On the contrary, I have spent quite a while considering how to respond to comments like these and this was the best I could come up with. I'm open to suggestions on what I might do instead but I will point out that the current options you've put forward either 1. make it very asymmetric to respond to stupid comments or 2. allow them to proliferate, which drives away and buries interesting conversation.
Responding to "stupid" comments fuels them, so it's better to post nothing. It's certainly much better to post nothing than to post something like https://news.ycombinator.com/item?id=35351862.
Re "allowing them to proliferate", the solution for that is flagging. (In case anyone doesn't know: to flag a comment, click on its timestamp to go to its page, then click the 'flag' link at the top. There's a small karma threshold before flag links appear.) And downvoting, of course (the karma threshold for that is higher). If the comment was bad enough to respond the way you did, why didn't you downvote and/or flag it?
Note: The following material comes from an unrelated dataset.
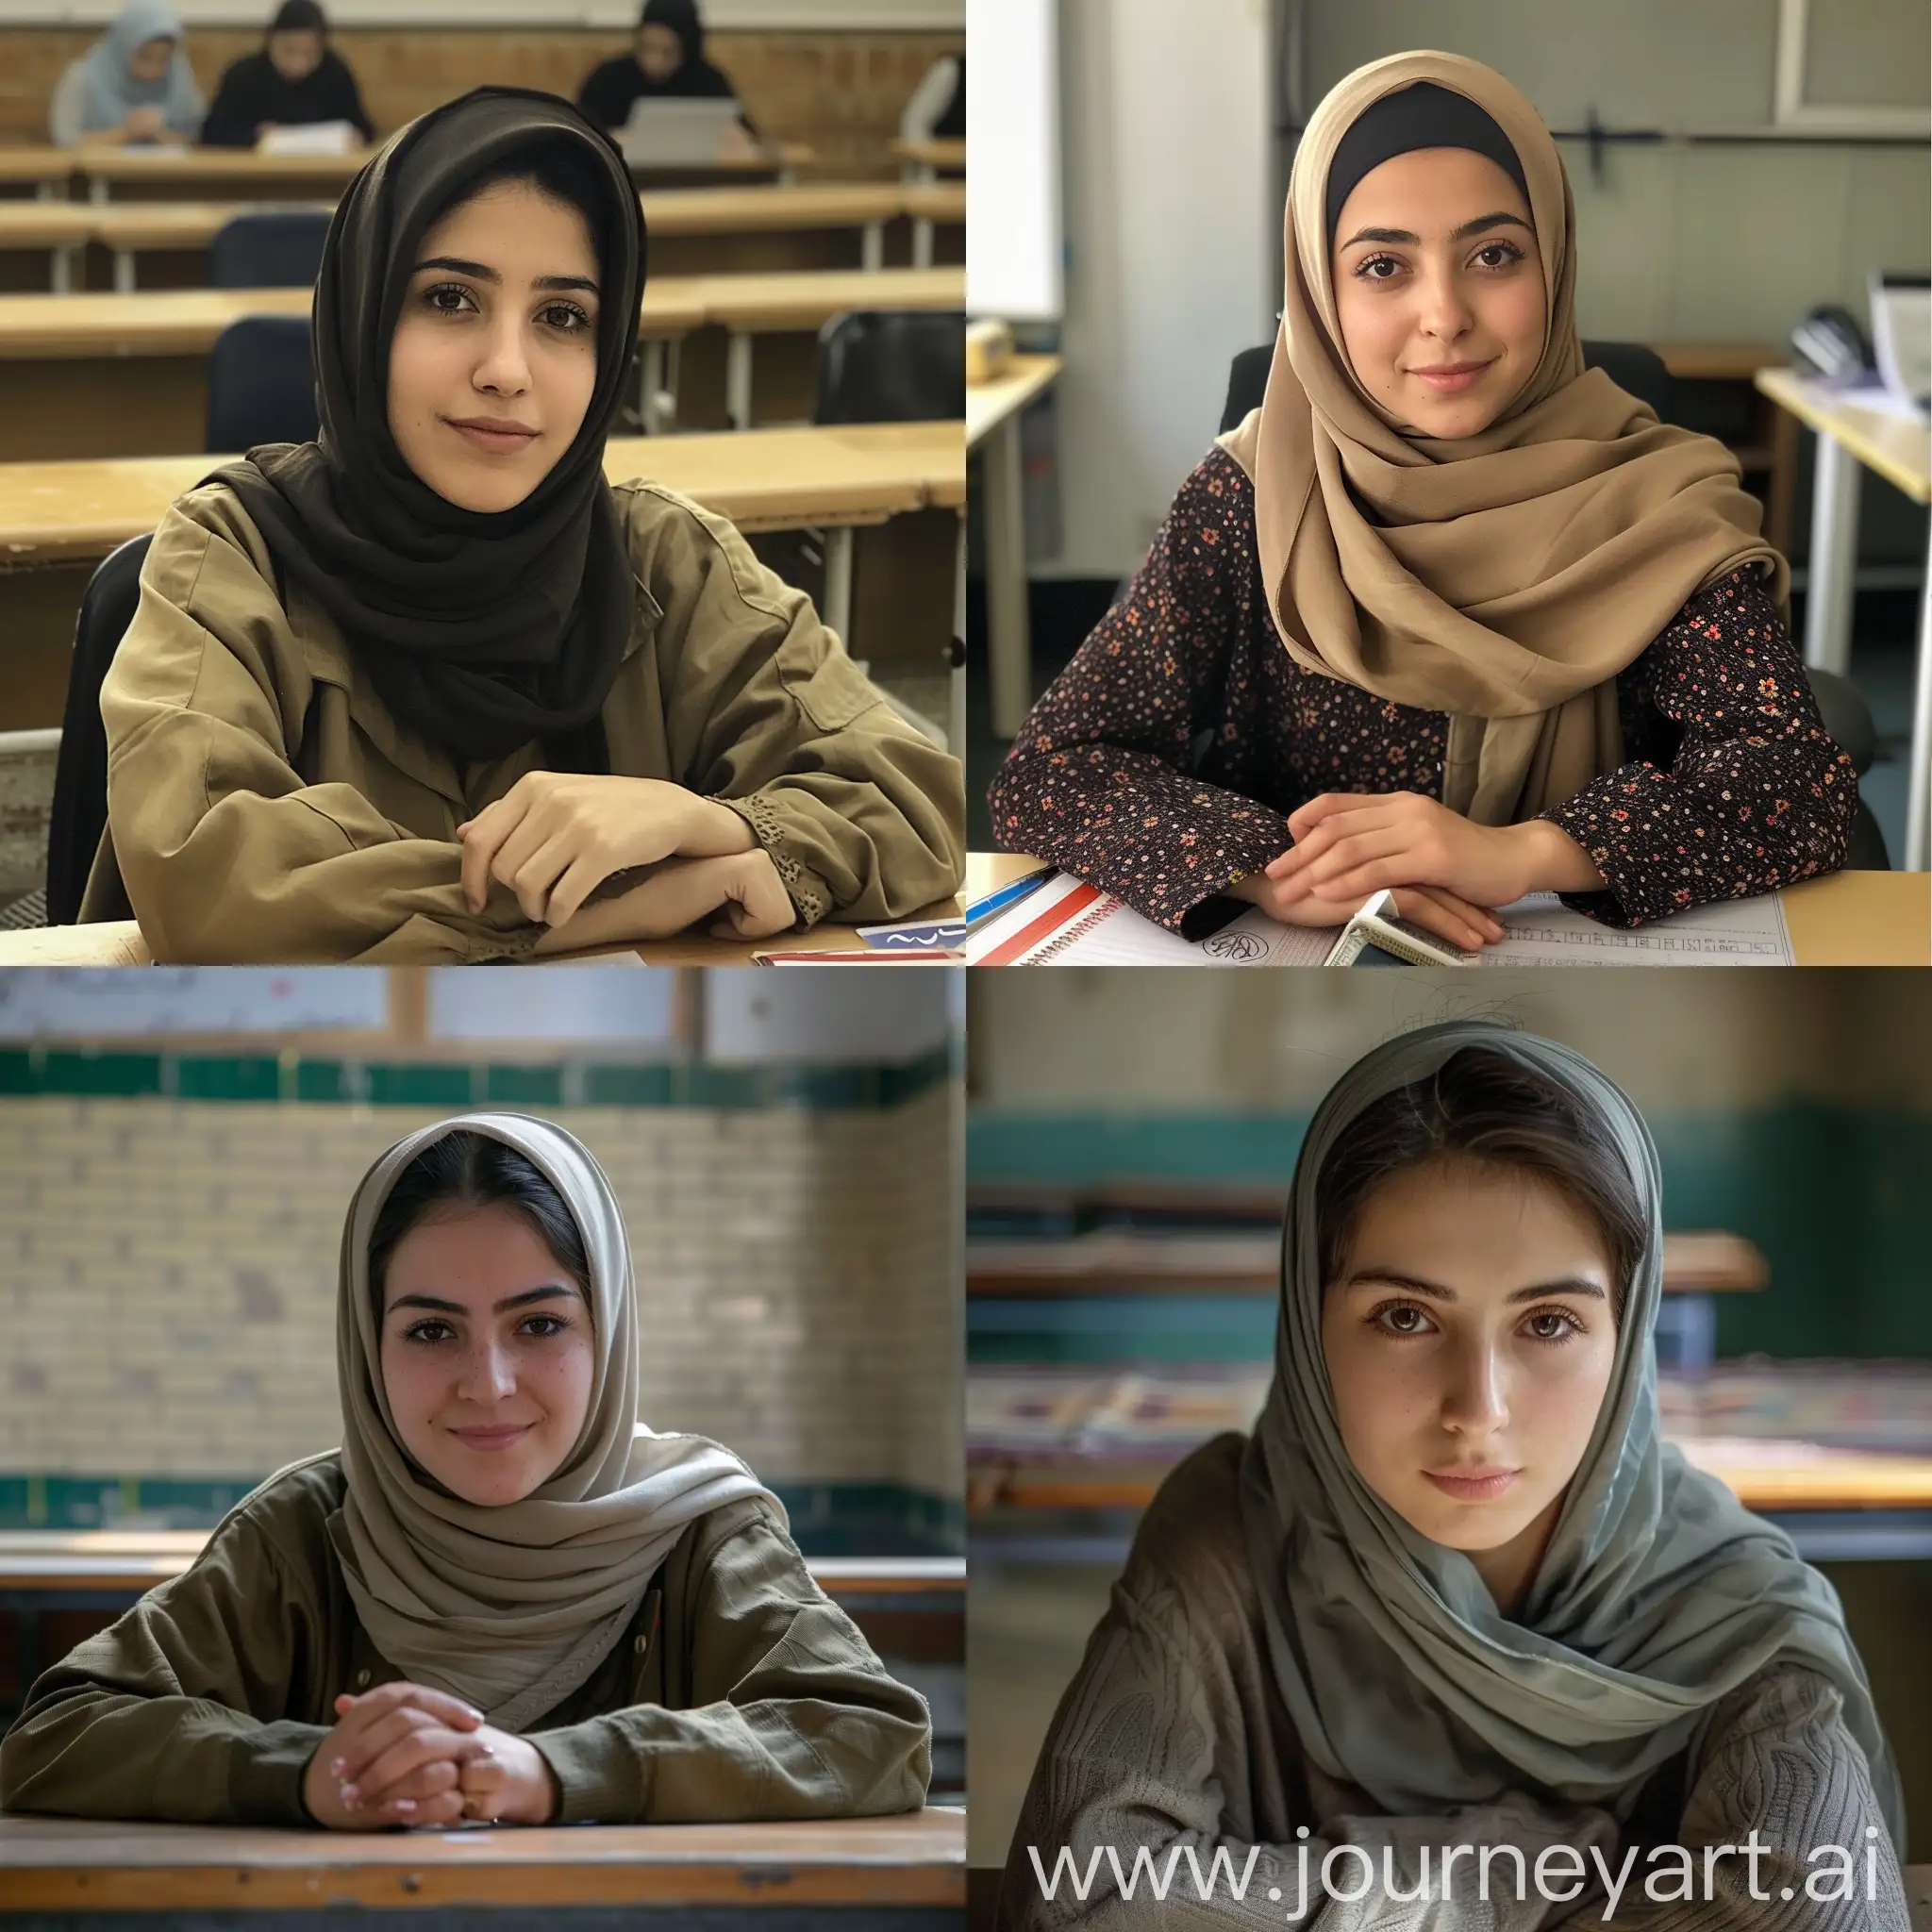 An Iranian girl with a hijab, about 25 years old, is sitting behind the desk and is a teacher
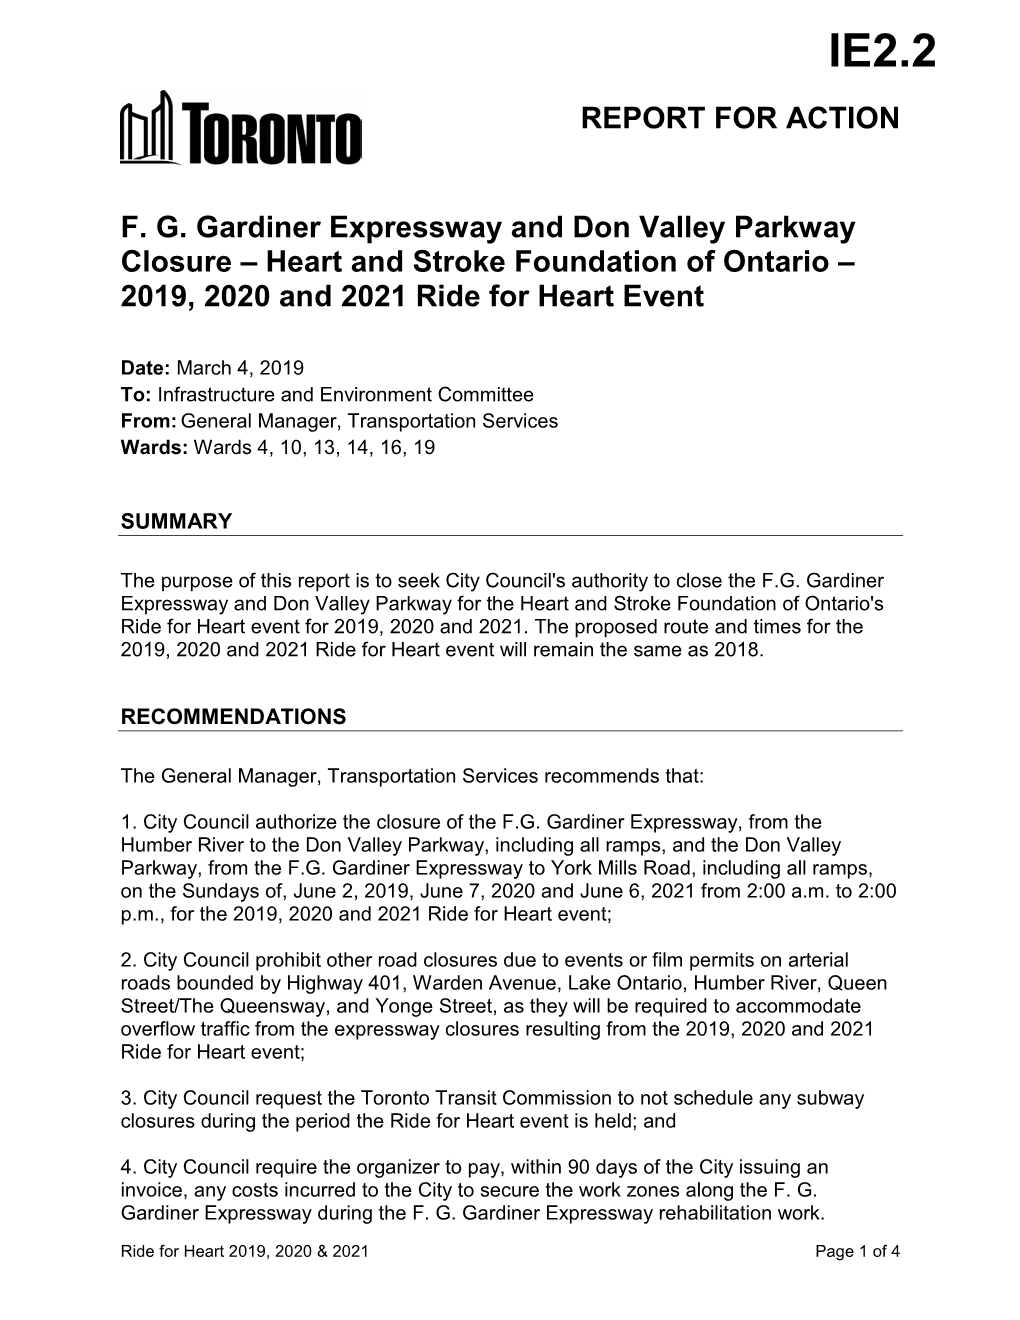 F. G. Gardiner Expressway and Don Valley Parkway Closure – Heart and Stroke Foundation of Ontario – 2019, 2020 and 2021 Ride for Heart Event

I don't flag comments very often unless they egregiously break the rules, but I've downvoted things like this before. Usually what happens is the person gets upset that they've been penalized by the system if the downvotes stick, or someone comes along and actually thinks the comment is good, and the effects of downranking it are reversed. I don't want to propose that my opinions on comments should overrule everyone else's, but I know you agree that just because people upvote vapid or clichéd content doesn't make it appropriate for Hacker News. So, I haven't really found your solution to work in practice.
What I could absolutely do is sit down and write a long reply about why I think the comment missed the mark, and how it could improve. I have done this in the past too. The problem here is that doing so is a lot of work. My thought process is that most of the people who are posting like this know that they're just posting low quality stuff, and if there's an easy reminder to stop doing that, they will. If they happen to reply with "no, I'm serious, here's why…" then there's no harm done; otherwise it signals (to other people too) that we're looking for something better than that.
I understand that writing a substantive comment can be a lot of work, but how can we be arguing about https://news.ycombinator.com/item?id=35351862? It was obviously unsubstantive and provocative, and would even probably land as a personal attack. It was even a case of the "vapid and cliché" that you're wanting to counteract.
Downvoting a bad comment is fine. Not posting is fine. If you want to neutrally let someone know that their comment isn't substantive enough for a good HN post, that's ok as long as you're careful how you do it. Dropping an insult on them is never helpful.
I think the next steps here are that I refrain from doing this, continue downvoting, and reach out when I feel it isn't working and have more concrete feedback to provide.